Hearing what was going down with our moms seeing Ethel’s terrifying, bare-all pictures for Arnold on the computer, and knowing Carol was frozen in fear on LOUD Mom’s lap unable to react, I used my street smarts to think fast and create a diversion.
How, you ask? I made a running leap, pounced on Ethel, and rolled her around a few times to get her good and mad! Fur flew everywhere and Ethel wailed as though I was killing her, causing all three of our humans to come running.
That gave Carol more than enough time to hide the files, erase the search history, and shut down the computer. By the time our moms made it back to the computer, Carol was curled up on the keyboard pretending to be fast asleep.
You’re welcome for the diversion, Carol.
But enough about that. Let’s talk about Steve. I was chilling on the kitchen island the other day while my moms were at work when I saw this:
Share a Coke with Steve? Why’d no one tell me Coke has a competition where the winner gets to share a Coke with me?
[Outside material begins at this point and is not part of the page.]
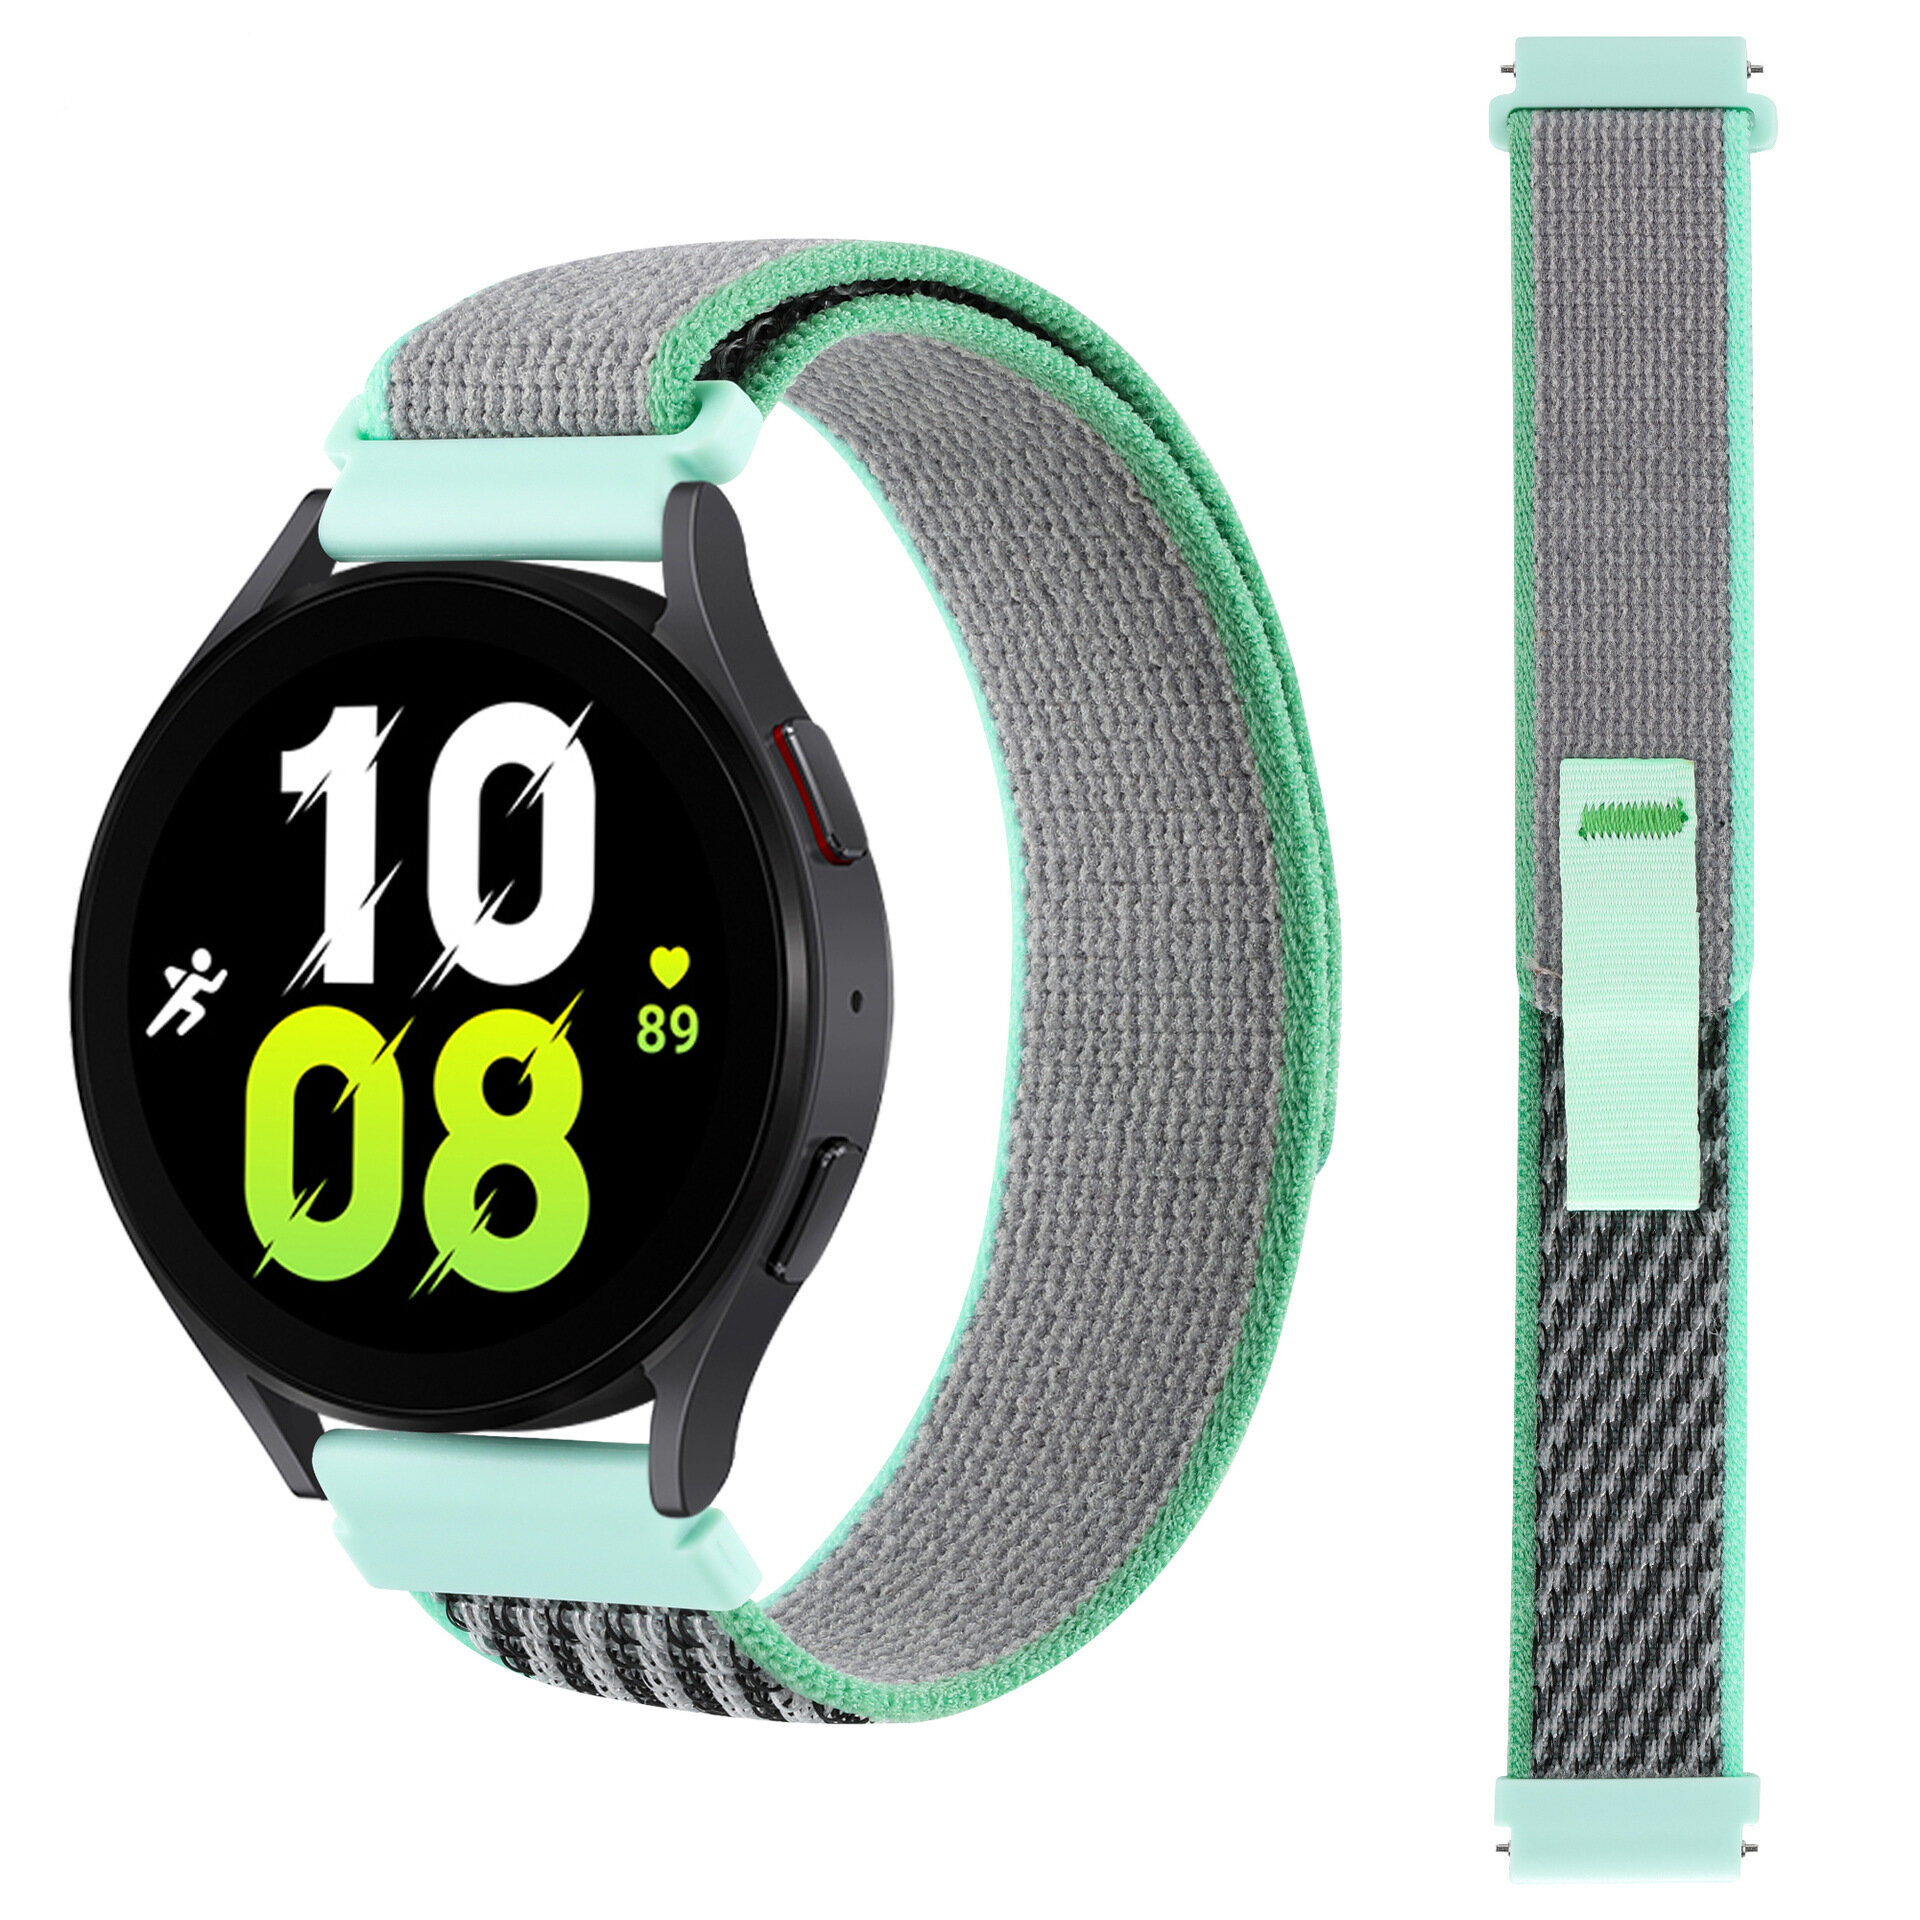 Ремешок нейлоновый Trail Loop для смарт-часов с креплением 20 мм Garmin, Samsung Galaxy Watch, Huawei Watch, Honor, Xiaomi Amazfit, 08 зеленый с серым

I’ll bet Carol was hiding this from me. She gets so jealous when anyone else benefits from “her” blog. Of course the world wants more Steve. Don’t blame me. It’s not my fault I’m irresistible.
I can only imagine that Coke has some type of Bachelor-style competition in mind. A slew of handsome young Toms vying for my attention.
Being in the Springhill Ballers has put an unexpected crimp in my dating life. I thought I’d meet lots of Toms, but the fellas in the gang aren’t my type. I’m a sucker for a bow tie and good manners. So this whole Bachelor thing couldn’t come at a better time.
I was telling my brother, Walter, about the competition and how Carol had hidden it from me. Walter said that before I start dating again I need to get to know myself. What’s that supposed to mean? I know me. I’m Steve.
Besides, Walter said the whole thing makes him nervous. What doesn’t?
When I told The General he said that if I’m so worried about having good abs, I should avoid the empty calories of soft drinks. He told me that he strictly rations chewies for his soldiers in order to keep them fit for battle. Has The General looked in a mirror lately?
But Eggnog was the worst. She said reality television is for losers who have no talent. Eggnog droned on about how much work it takes to get a paw in the door in the music industry. How she worked hard to make connections with artists like Eminem, Snoop Dogg, and Missy Elliott.
“Eggnog-y Nogg” said these reality stars come in and act like idiots in front of a camera and suddenly they’re getting book deals and recording contracts – and that makes her mad.
Hey, it’s not my fault that Eggnog took the difficult route. This is my chance at love and I’m not letting it go!